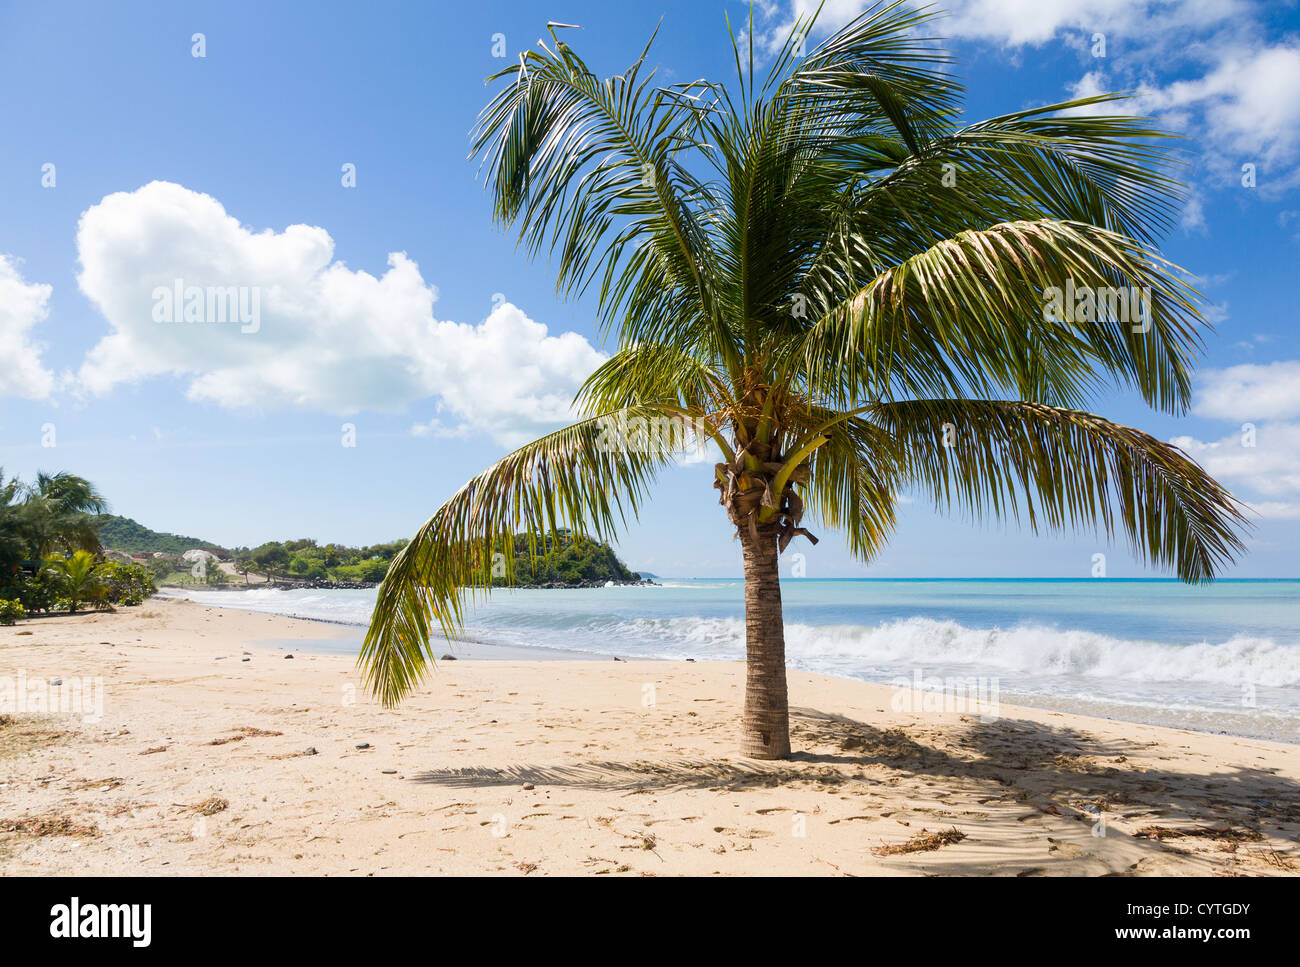 St Martin / Saint Maarten, isola dei Caraibi : promontorio off Friar's Bay con Palm tree Immagini Stock
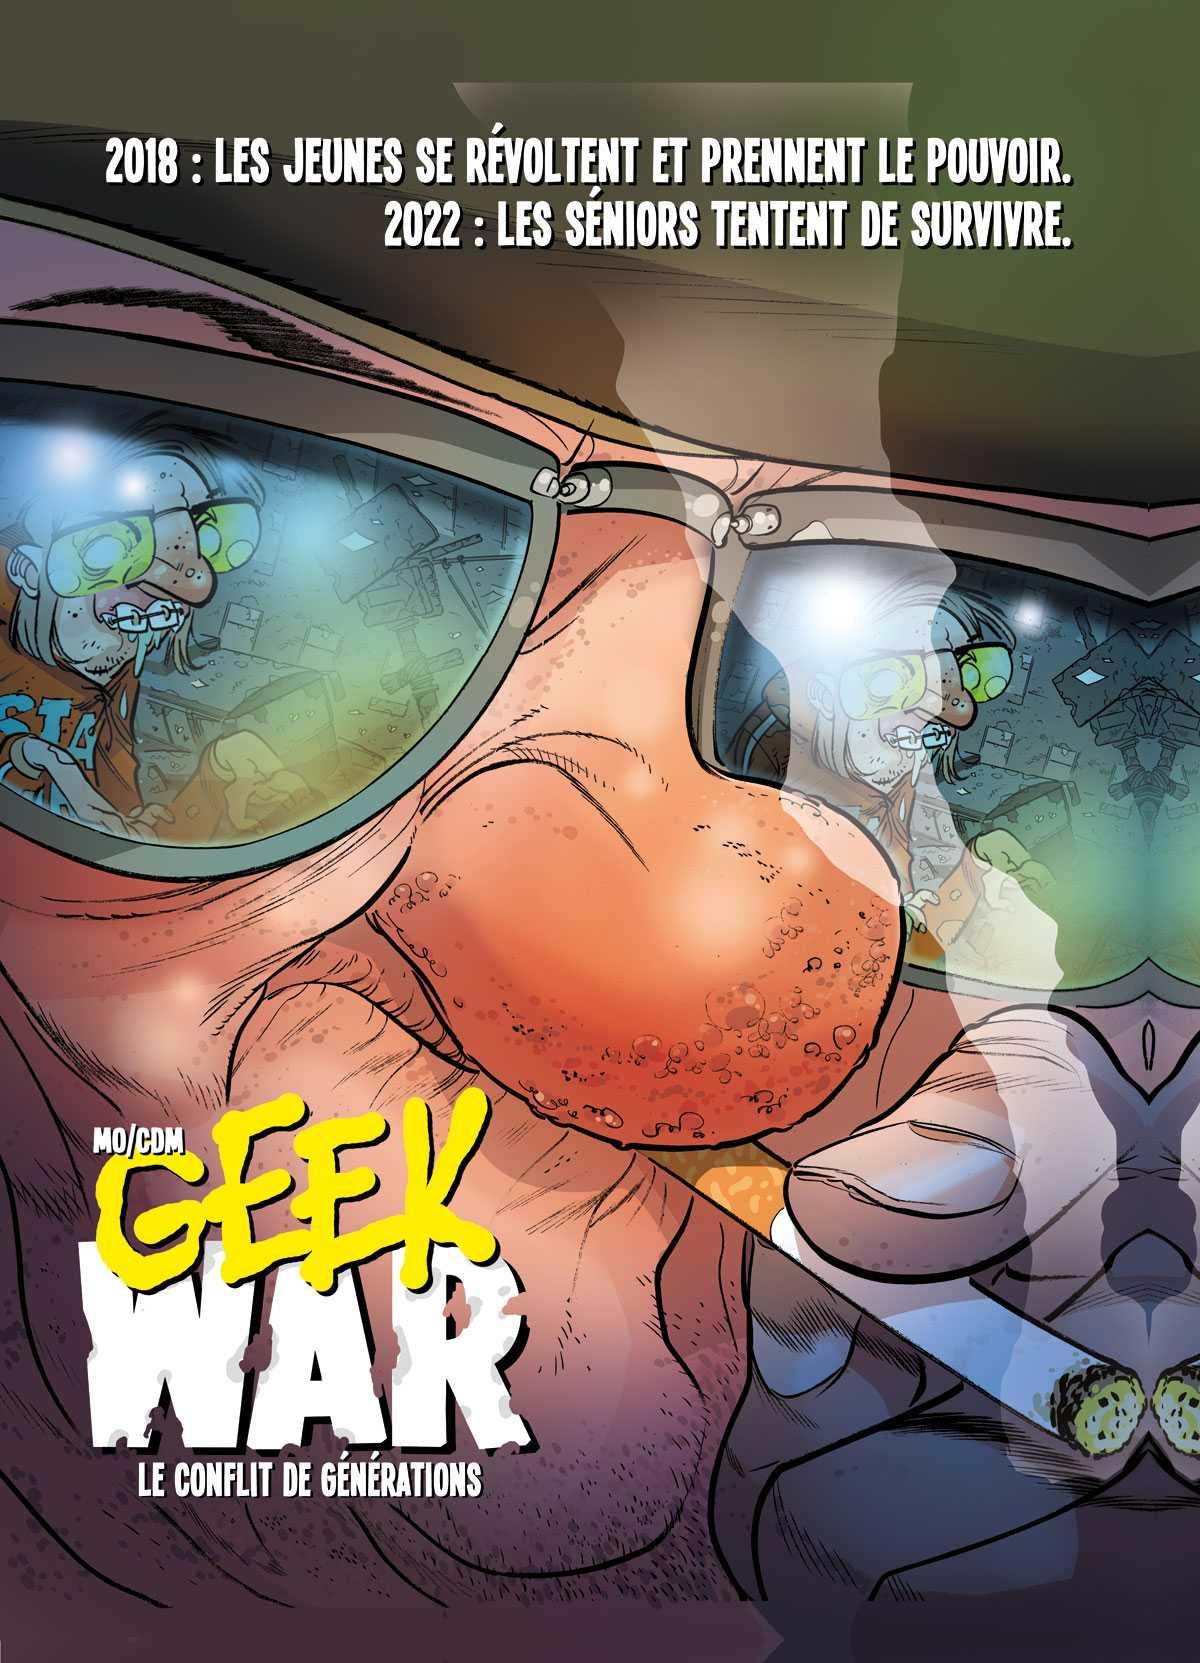 Geek War, les seniors font de la résistance
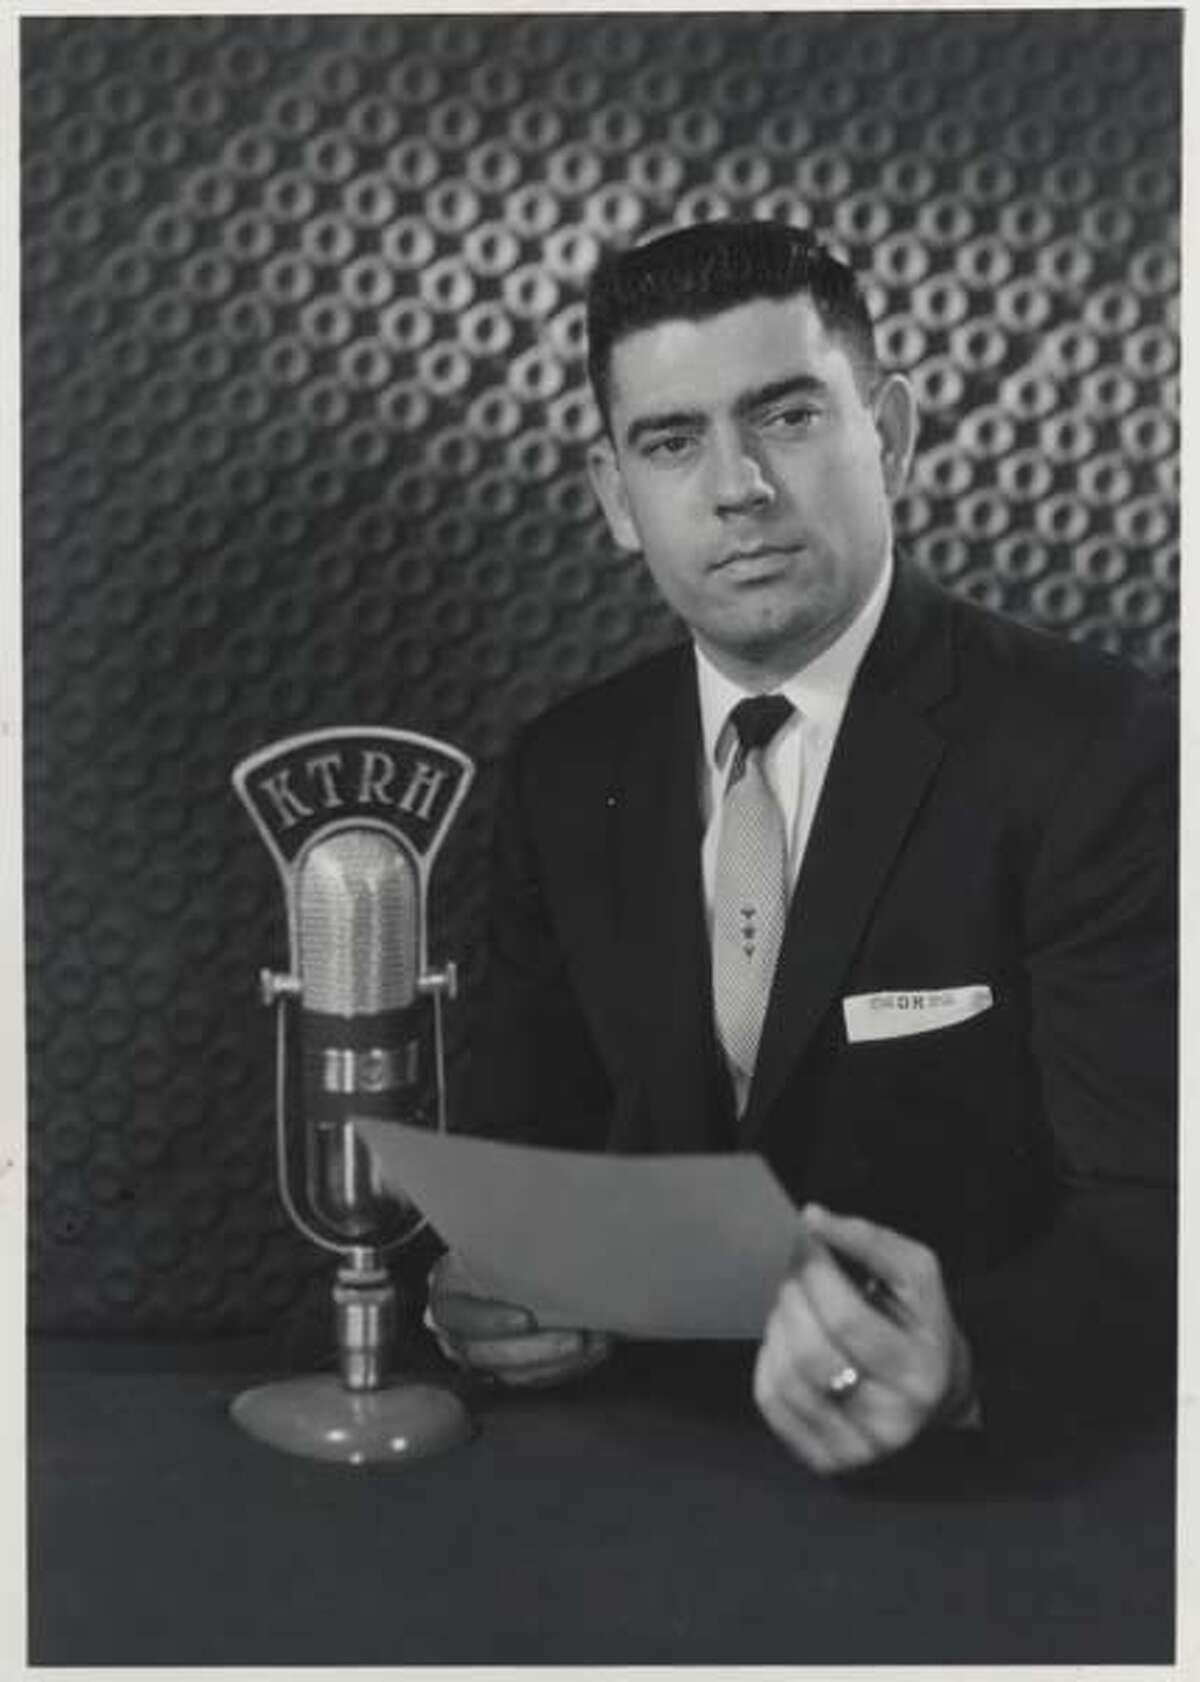 Dan Rather at local Houston radio station KTRH in 1959.
* * *
▶ Exercise description
Please transcribe exactly the lines from the one containing "Geek War, les seniors font de la résistance" through the final line of the data, including both, and nothing else. Pictures are to be left out.

▶ Solution to the exercise
 Geek War, les seniors font de la résistance
 Dan Rather at local Houston radio station KTRH in 1959.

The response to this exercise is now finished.